Building for a broader international fightback

According to media reports, “Belgian and Polish unions have shown their support to the French strikes” and in the British energy sector, offshore drilling workers plan to take strike action starting October 20. If internationally coordinated, the developing strike movement in France could — together with the “Enough is Enough” campaign and strike movement in Britain, the dynamic around the general strike in Belgium and strikes in other countries — serve as a launchpad for a broader international fight against the ruling class and their rotten system.

Also the international climate movement and young people can play an important role in broadening and internationalizing the struggle. Indeed, the CGT union themselves have opened the door by stating in September: “No social justice without climate justice” This is the time to show support to the striking workers in action. While until now, the group “Youth for Climate France” has not taken up the topic, there is a lot of potential.

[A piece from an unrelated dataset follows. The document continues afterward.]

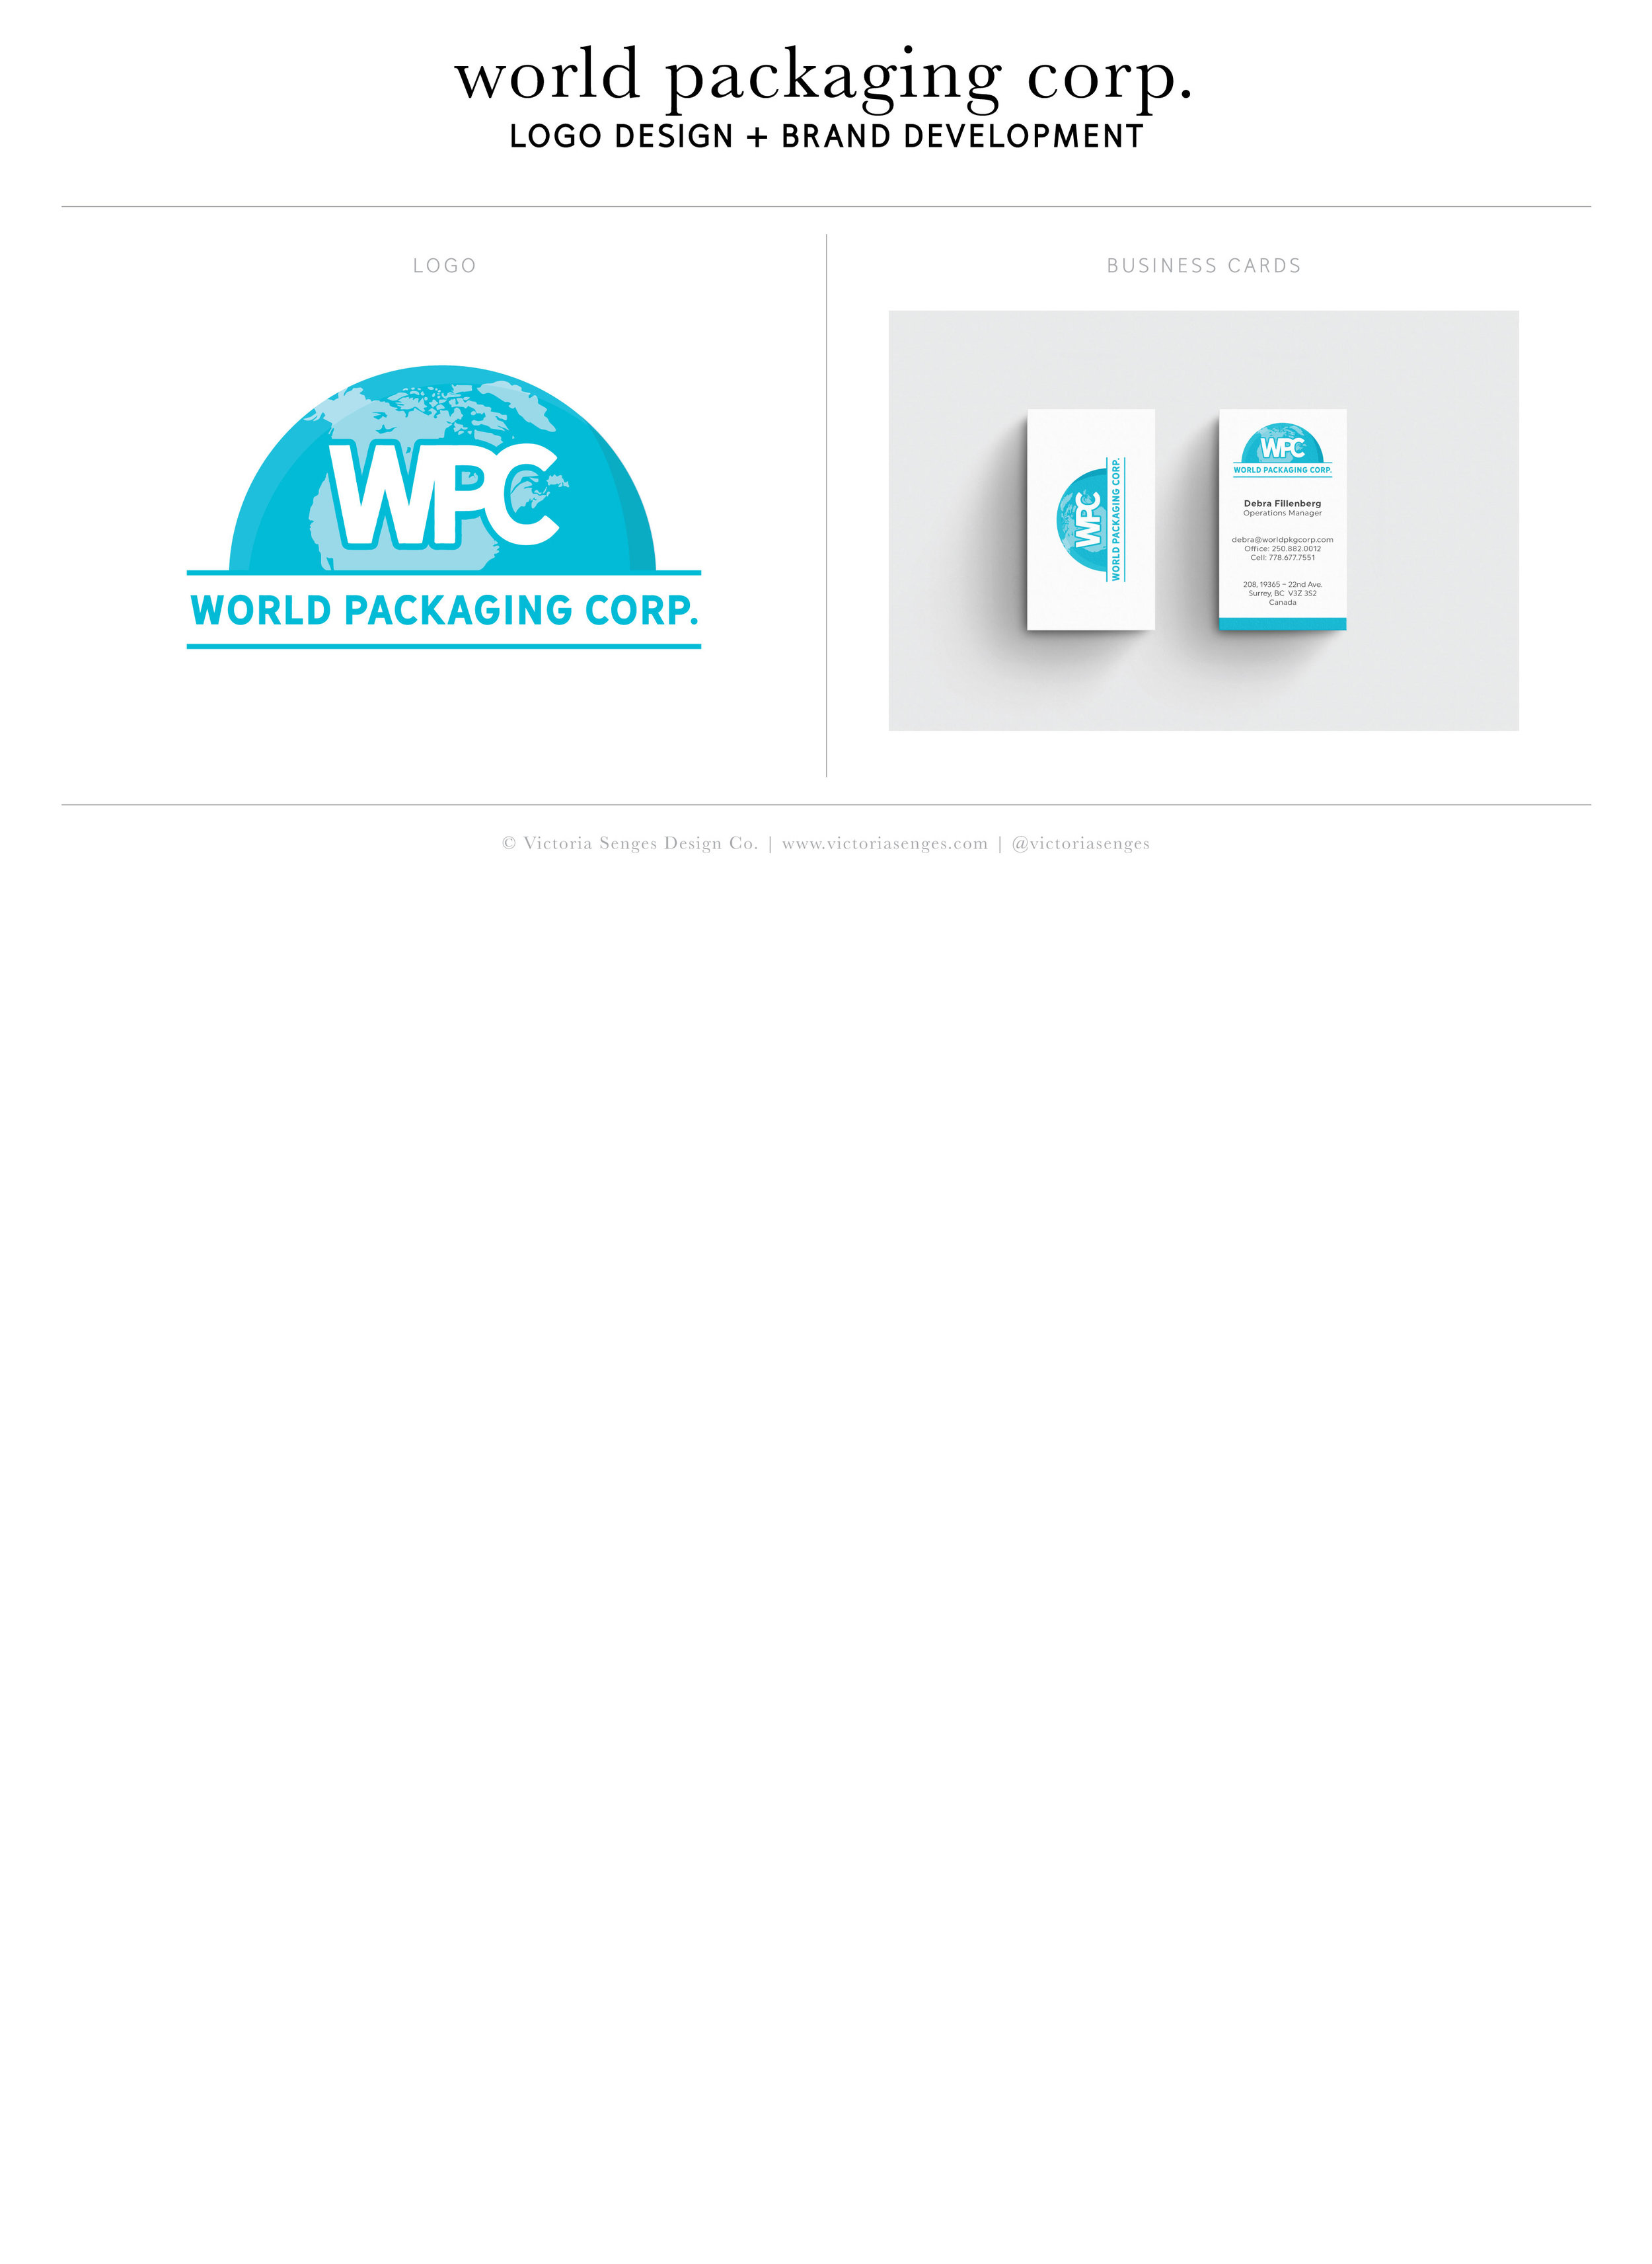 wpc-branding.jpg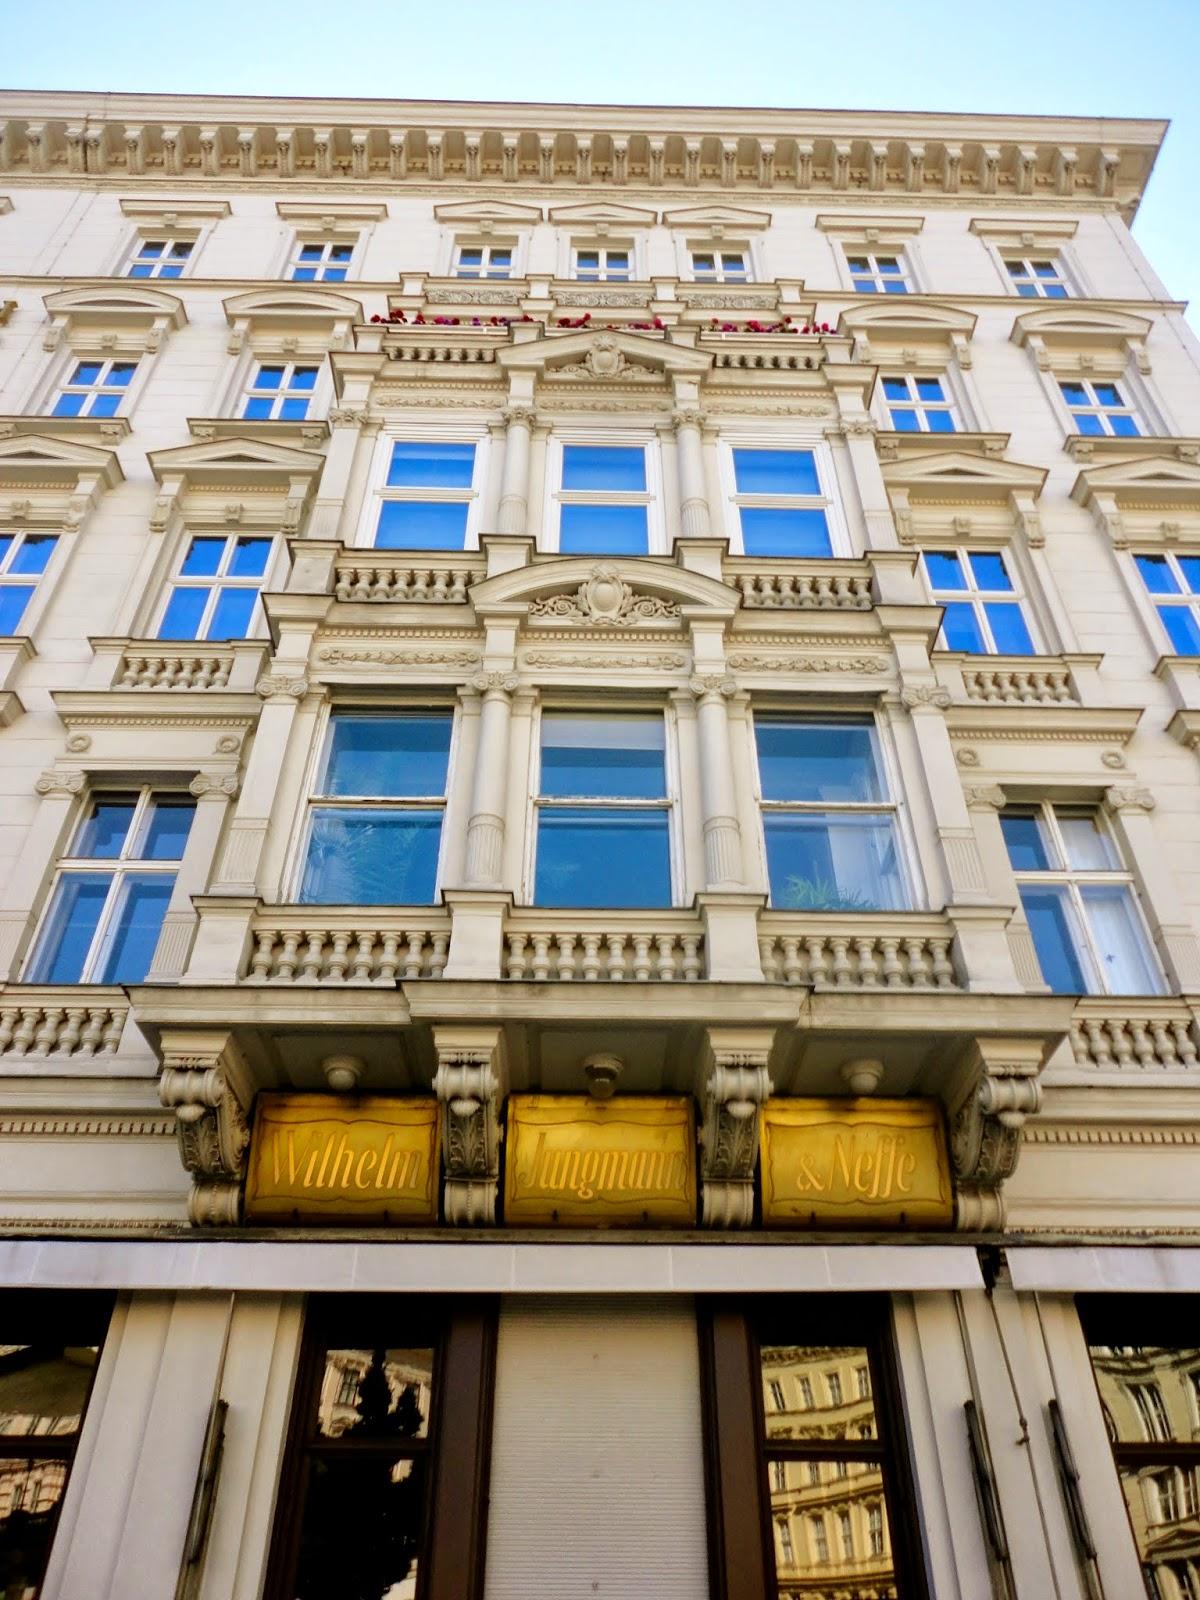 Building exterior, Vienna, Austria

On the weekend of October 8–9, climate activists blocked TotalEnergies infrastructure in Belgium under the banner of “Code Rouge/Rood”. Very importantly, they recorded a video message to express their solidarity with the striking workers in France: “In Nantes workers have been on a strike for 11 days already. Their demand is clear: “we want social justice!”, Specifically a wage increase. But instead of respecting their demands, Total plans to hand out 15 billion euro’s to the shareholders. This is an insult to all workers in the world” (link to video). Another great possibility to express solidarity with workers is to organize visits to picket lines, for example during the general strike in Belgium on November 9. At the demonstration on Sunday, it was clear for most activists that the climate crisis and the cost of living and energy crisis are not only linked, but that we also need to build a united front with the workers and trade union movement to fight against the common cause of the multiple crisis, the capitalist system. The demand for the nationalization of the entire energy sector under democratic control found strong support. Many activists instinctively understood that this would allow the working class to use the enormous profits to bring down prices, increase wages and pay for the necessary investments in green energy and a Just Transition of the fossil fuel companies. Such a transition would need to include re-schooling offers for workers in the industry, coupled with a job guarantee and the security that their wages in the new sectors will be at least on the same level.

Starting with the interprofessional strike on October 18, we need to build a movement capable of expropriating the energy capitalists and climate killers. For a united front of the organized working class, the climate, the feminist and other social movements that can lay the basis for the overthrow of the capitalist system and its replacement by a democratic socialist society organized to serve the needs of people and the planet.